| Square gyrobicupola | |
|---|---|
 | |
| Type | Bicupola, Johnson J28 – J29 – J30 |
| Faces | 8 triangles 2+8 squares |
| Edges | 32 |
| Vertices | 16 |
| Vertex configuration | 8(3.4.3.4) 8(3.43) |
| Symmetry group | D4d |
| Dual polyhedron | Elongated square trapezohedron |
| Properties | convex |
| Net | |
 | |
In geometry, the square gyrobicupola is one of the Johnson solids (J29). Like the square orthobicupola (J28), it can be obtained by joining two square cupolae (J4) along their bases. The difference is that in this solid, the two halves are rotated 45 degrees with respect to one another.
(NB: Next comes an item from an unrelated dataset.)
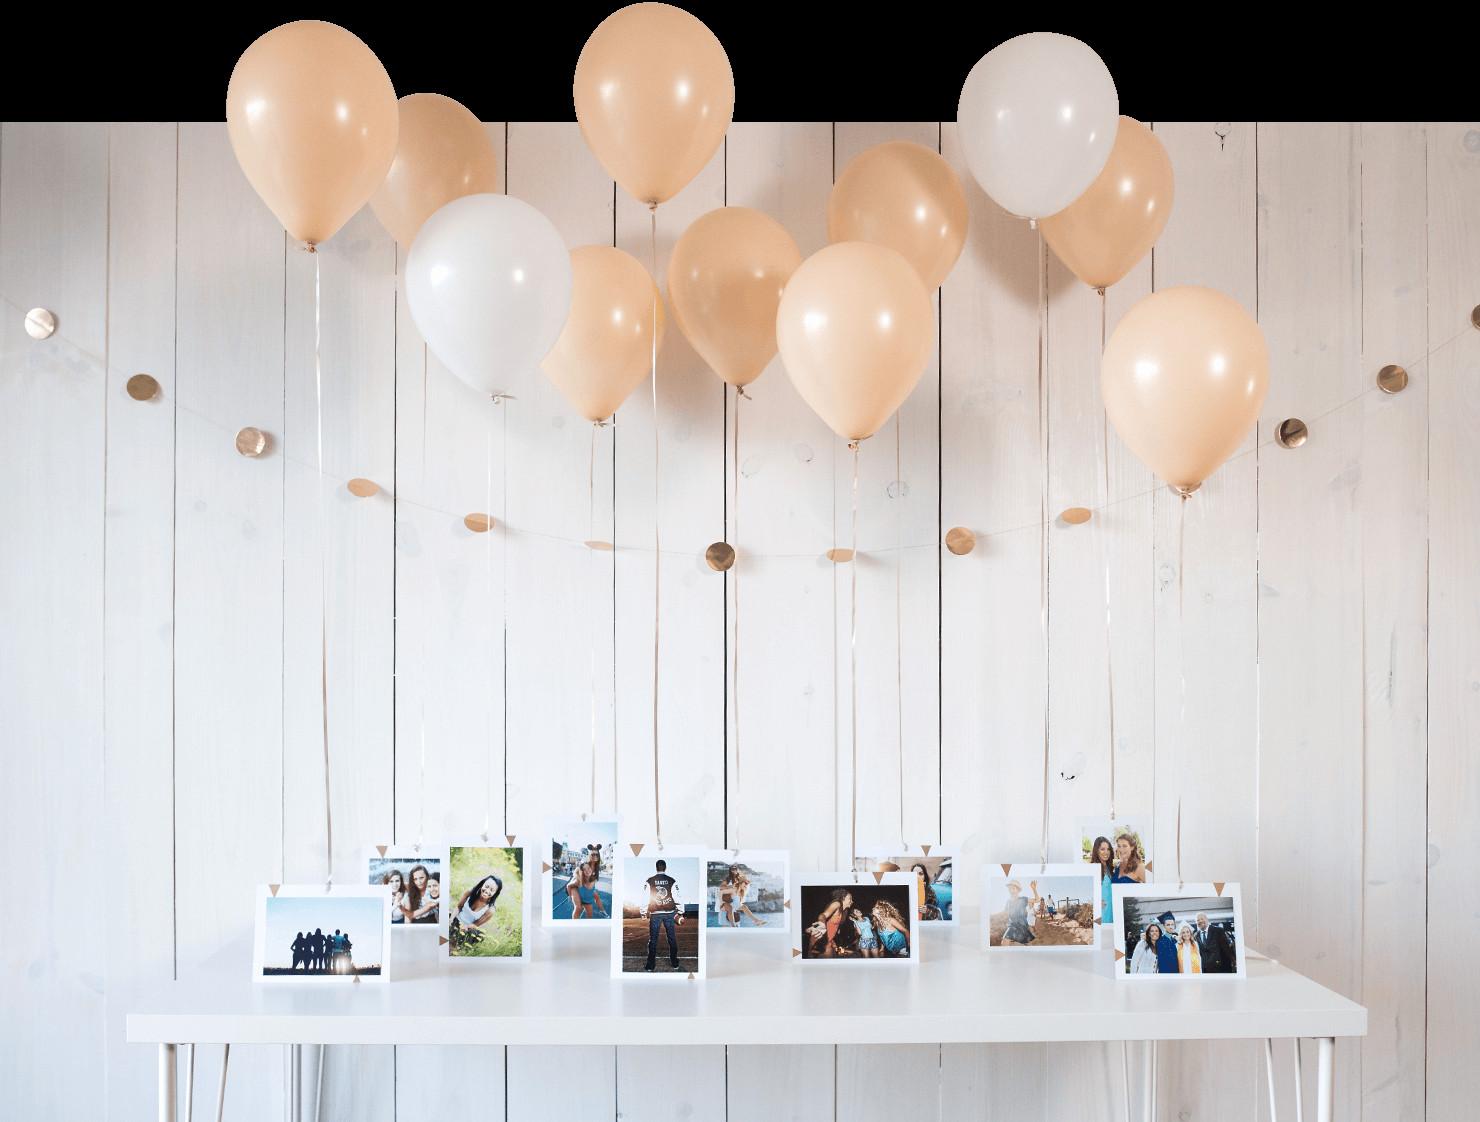 Homemade Graduation Party Decoration Ideas  7 Easy DIY Graduation Party Ideas 2020
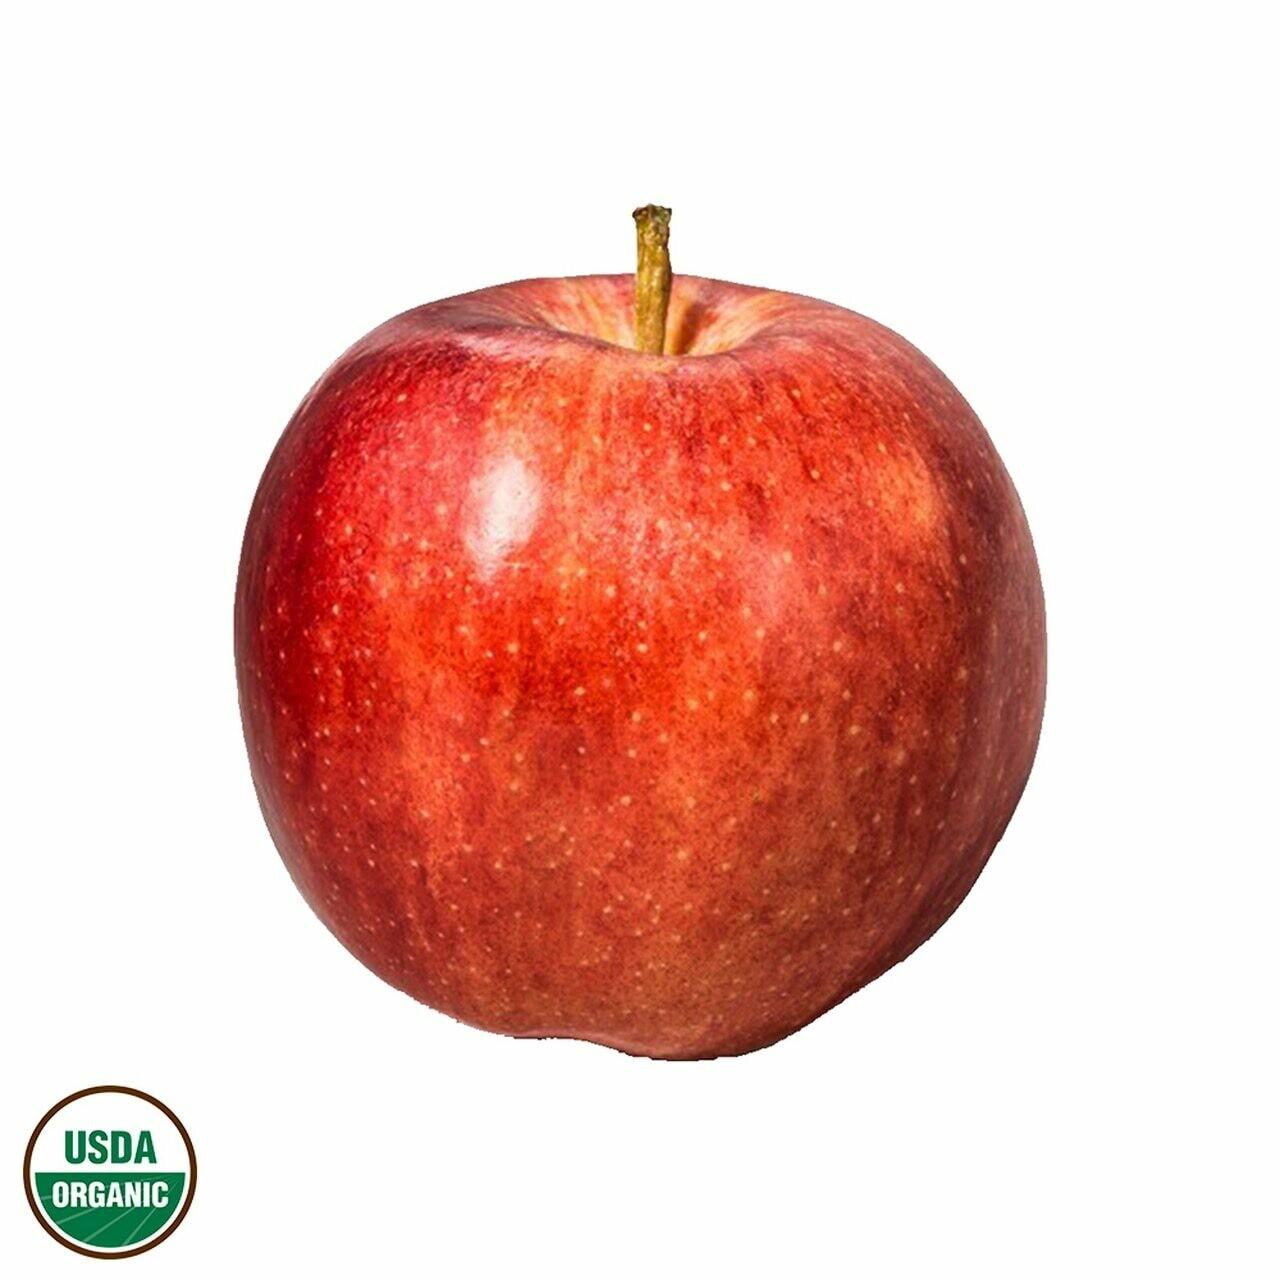 Produce / Fruit / Organic Gala Apple

A Johnson solid is one of 92 strictly convex polyhedra that is composed of regular polygon faces but are not uniform polyhedra (that is, they are not Platonic solids, Archimedean solids, prisms, or antiprisms). They were named by Norman Johnson, who first listed these polyhedra in 1966.[1]
The square gyrobicupola is the second in an infinite set of gyrobicupolae.
Related to the square gyrobicupola is the elongated square gyrobicupola. This polyhedron is created when an octagonal prism is inserted between the two halves of the square gyrobicupola.
- ^ Johnson, Norman W. (1966), "Convex polyhedra with regular faces", Canadian Journal of Mathematics, 18: 169–200, doi:10.4153/cjm-1966-021-8, MR 0185507, Zbl 0132.14603.